Reproduce the listing in full. Omit the pictures.

DATA EXTRACT:
[Start of section]
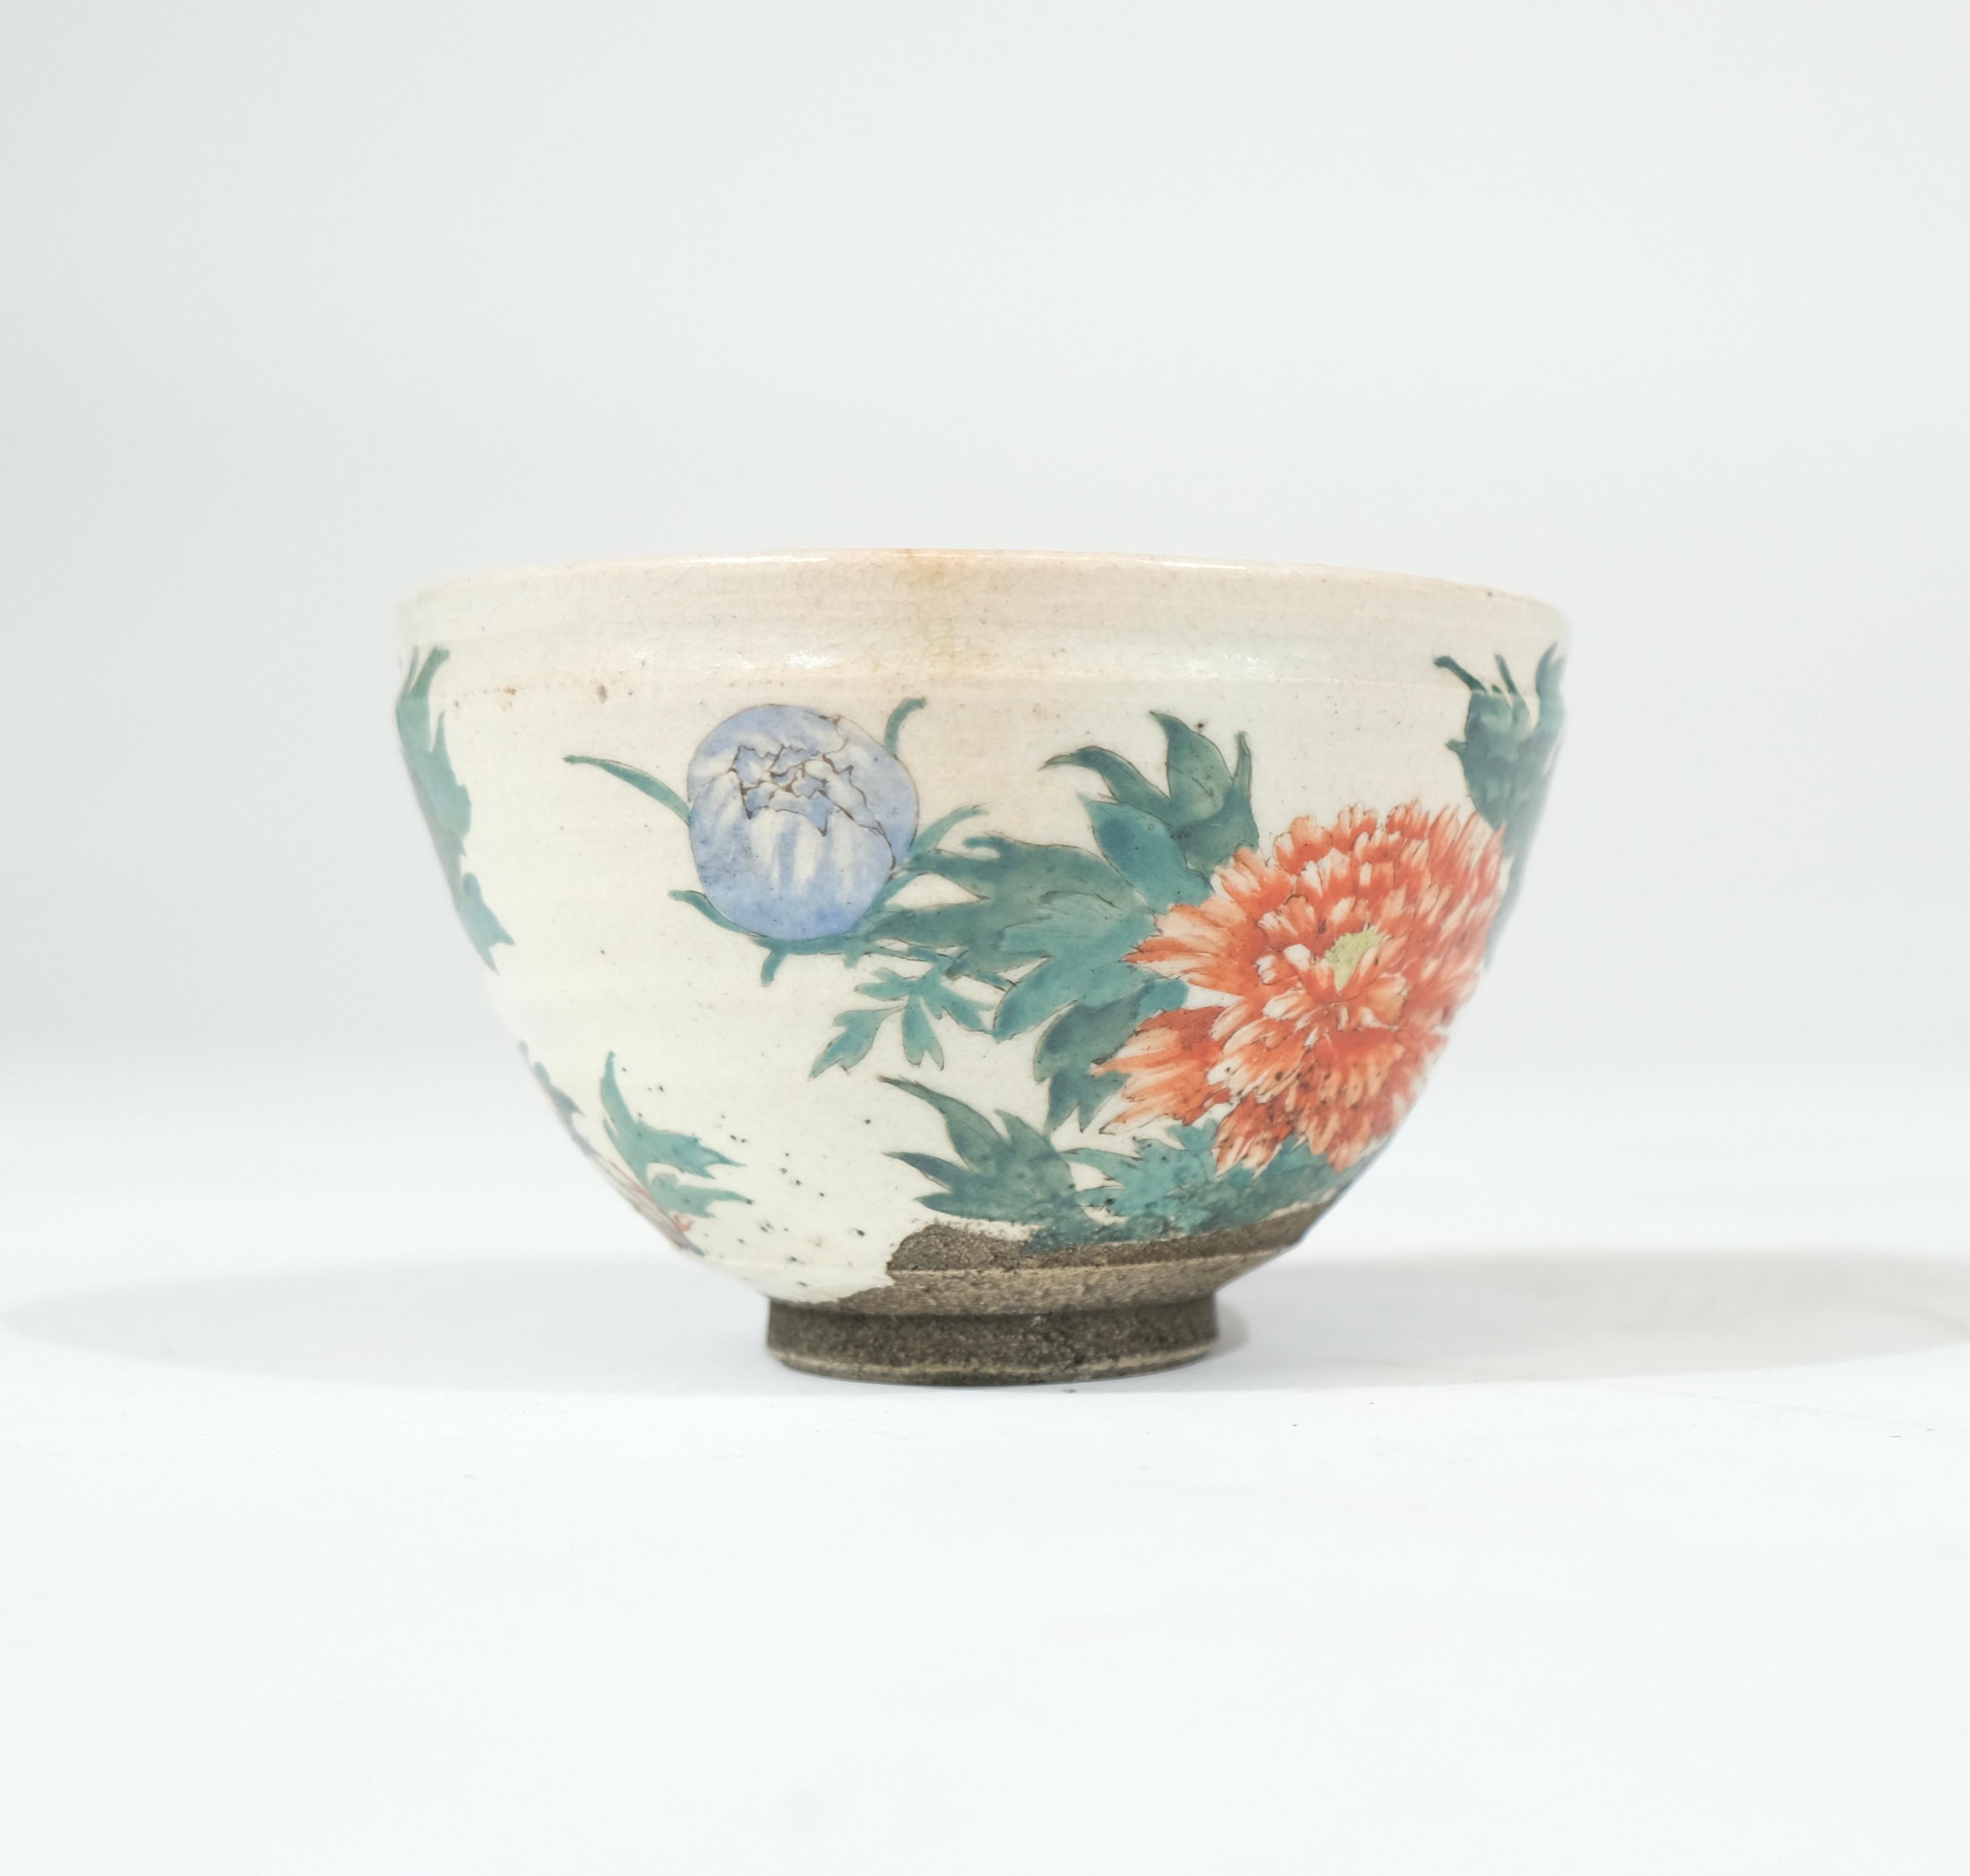 Ceramic Japanese Glazed Tea Bowl with Floral Decoration. A so called Chawan. For Sale
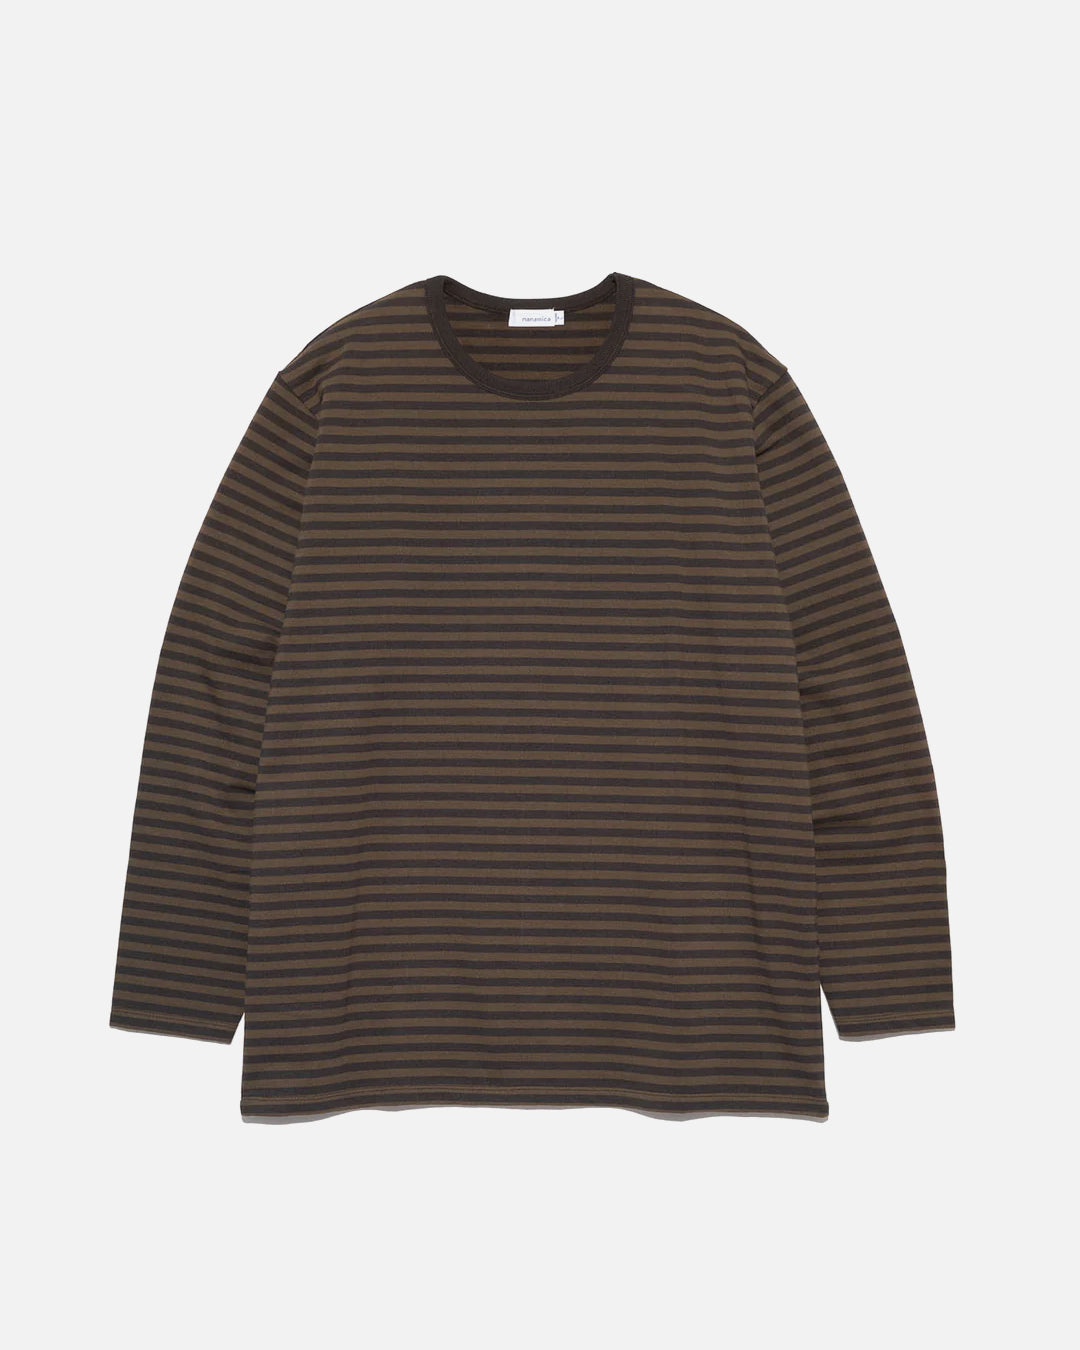 Nanamica COOLMAX St. Jersey L/S Tee in Brown and Charcoal | Blues 
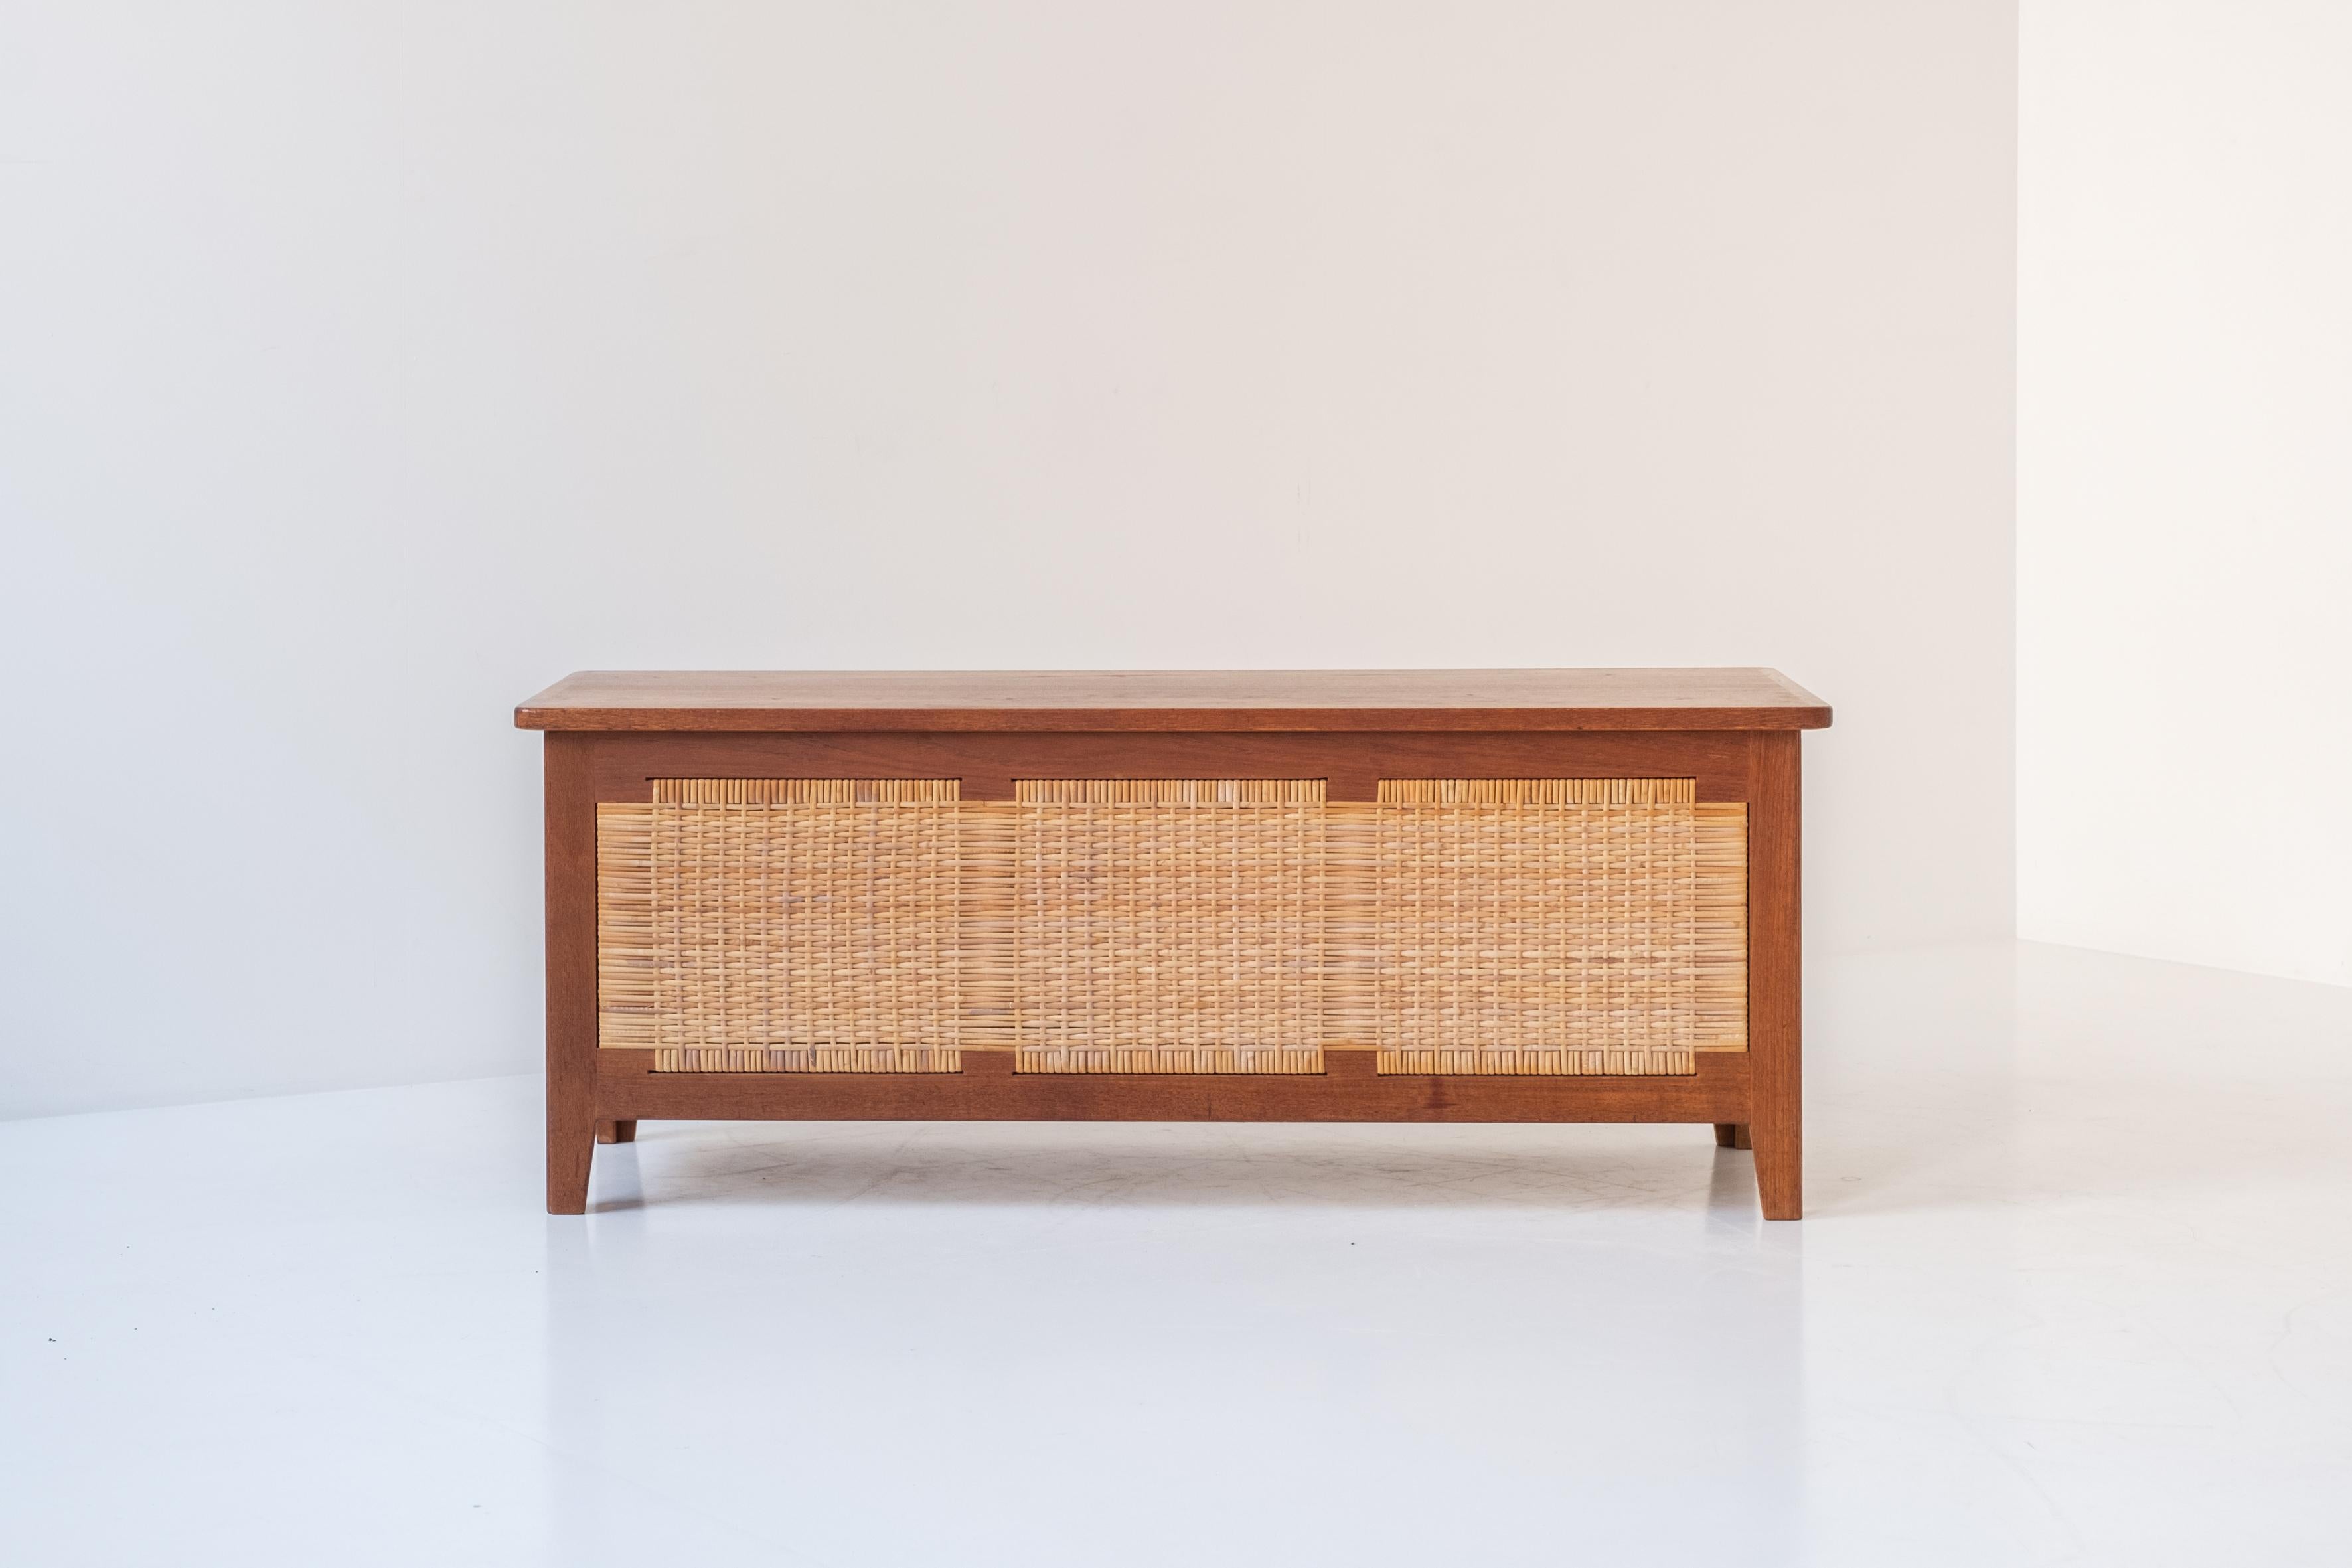 Rare chest in teak by Kai Winding for Poul Hundevad, Denmark 1960’s. This (blanket) chest is made out of woven cane and has a hinged top opening to storage. Presented in a very good original condition.
[End of section]
YOUR RESPONSE:
 Ceramic Japanese Glazed Tea Bowl with Floral Decoration. A so called Chawan. For Sale
 Nanamica COOLMAX St. Jersey L/S Tee in Brown and Charcoal | Blues 
 Rare chest in teak by Kai Winding for Poul Hundevad, Denmark 1960’s. This (blanket) chest is made out of woven cane and has a hinged top opening to storage. Presented in a very good original condition.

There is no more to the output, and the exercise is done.